The weatherman called for a 90% chance of rain all day. For added misery, the temperature was supposed to drop to the low 40's by days end. Did I mention that I am a mailman? I was relieved that today was my day off. I stopped writing and recording in the study just a few moments ago to come make myself some lunch. The rain is still coming down.

My nature has always been the outdoorsy type. And when it's sunny outside, I want to be outside. But a day like today is better suited for something indoors. So I've been in my study all morning tooling around with some tunes that I've written. One song in particular I am working on now trying to find that right feel, that right rhythm, that right something to let this song stand on its own.
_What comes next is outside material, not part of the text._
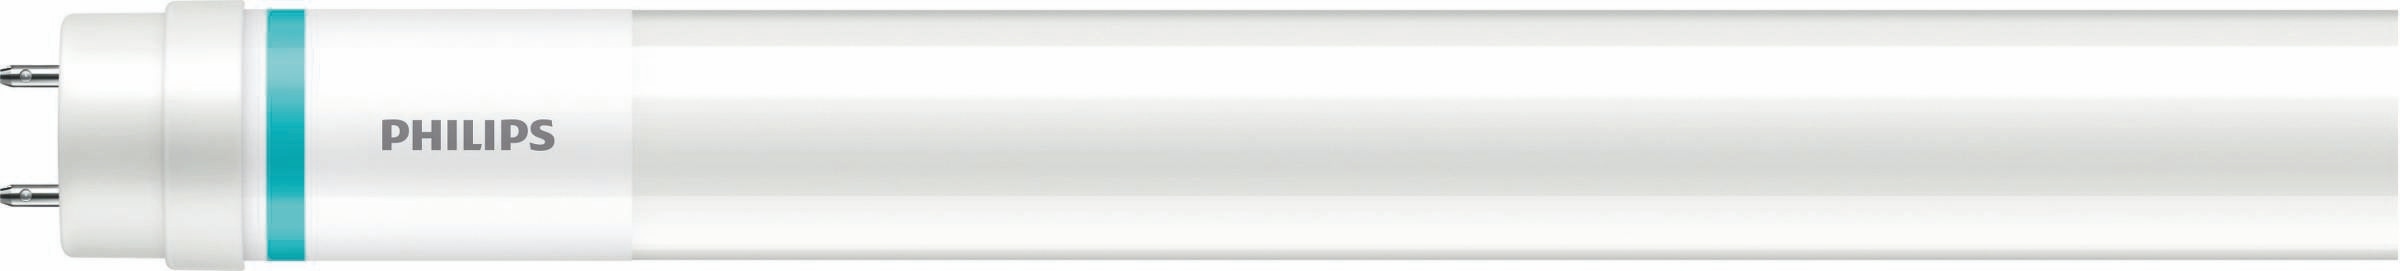 Philips 64679000 MASTER Value LEDtube T8 KVG/VVG/230V 600 mm, 190 °, 8 W, 830, 1000 lm, G13, nicht dimmbar

Sometimes this process is more work than at others. If you want songs to all sound the same, then you can skip this process entirely. But something as simple as nuance, lyric choice, chord pattern, or melody can make or break a song.

While the sun is not shining, I will take this chance and use this opportunity to write, to make music, and compose. Who knows when I'll get this"indoor" day again?

Saturday, April 6, 2013

EMPTYNESS-T


I can't tell you how many times I've sat here looking out my front window.  Thinking.  This is where my laptop stays---for the most part.  Since I rarely take it with me anywhere, it sits in my study and, by such placement, offers me a vantage point to the street outside. 

It's a great view, but nothing ever happens on this cul-de-sac.  The only cars coming down the street are the neighbors or the odd delivery vehicle.  Just to my east is a guy who works from home so the FedEx van visits there quite often.  There is an older couple that lives up the hill on the end.  Next to them is a retired single man with his dog who faithfully accompanies him on long daily walks.  I see them sometimes half-way to town.  He has a lot of time on his hands and the dog seems to love it.  To my left is a couple, kind of like us, with one child grown and out of the house and one still in school.  The single lady who moved in across the street has a twelve-year-old son who plays the saxophone and rides his motorcycle all around their adjoining pond, woods and two acre lot.  I seem to know my neighbors well enough, but like I said before, nothing ever happens on this cul-de-sac.  Not anymore.

Perhaps the gloom creeps in mostly when I think about the hot bed of activity our house was when the girls were still at home.  There was always band, choir, softball, soccer, church and school projects to keep us hopping.  I say "us" because parents play a strong role in all of these if you haven't heard.  We've lived so vicariously through our kids that by the time they are out on their own, we don't know how to live our own lives once again.  Things slow way down and the house seems very empty. 

Maybe that's it.  That's the culprit that won't come out of hiding and be identified.  Empty nest is a condition that deceptively hangs around longer than you first thought.  One, maybe two years and I'll have this thing licked, you say.  Then suddenly, out of nowhere, you hear laughter from a neighbor kid down the block and this happy sound echoes more vacantly than it should.  That is when you know for the hundredth time that your tiny window has passed.  That is when fears of irrelevance steal in.

It takes courage and strong will to let go of such thoughts and shape instead a future built on reality and hope.  The time is now and what is past is confidently sealed up in the trust that you raised them right and now they are soaring on into adulthood.  If you are a parent and not quite here yet, make the most of what is in front of you now.  If you are a parent and nodding your head with everything I have said---strong will and courage to us all.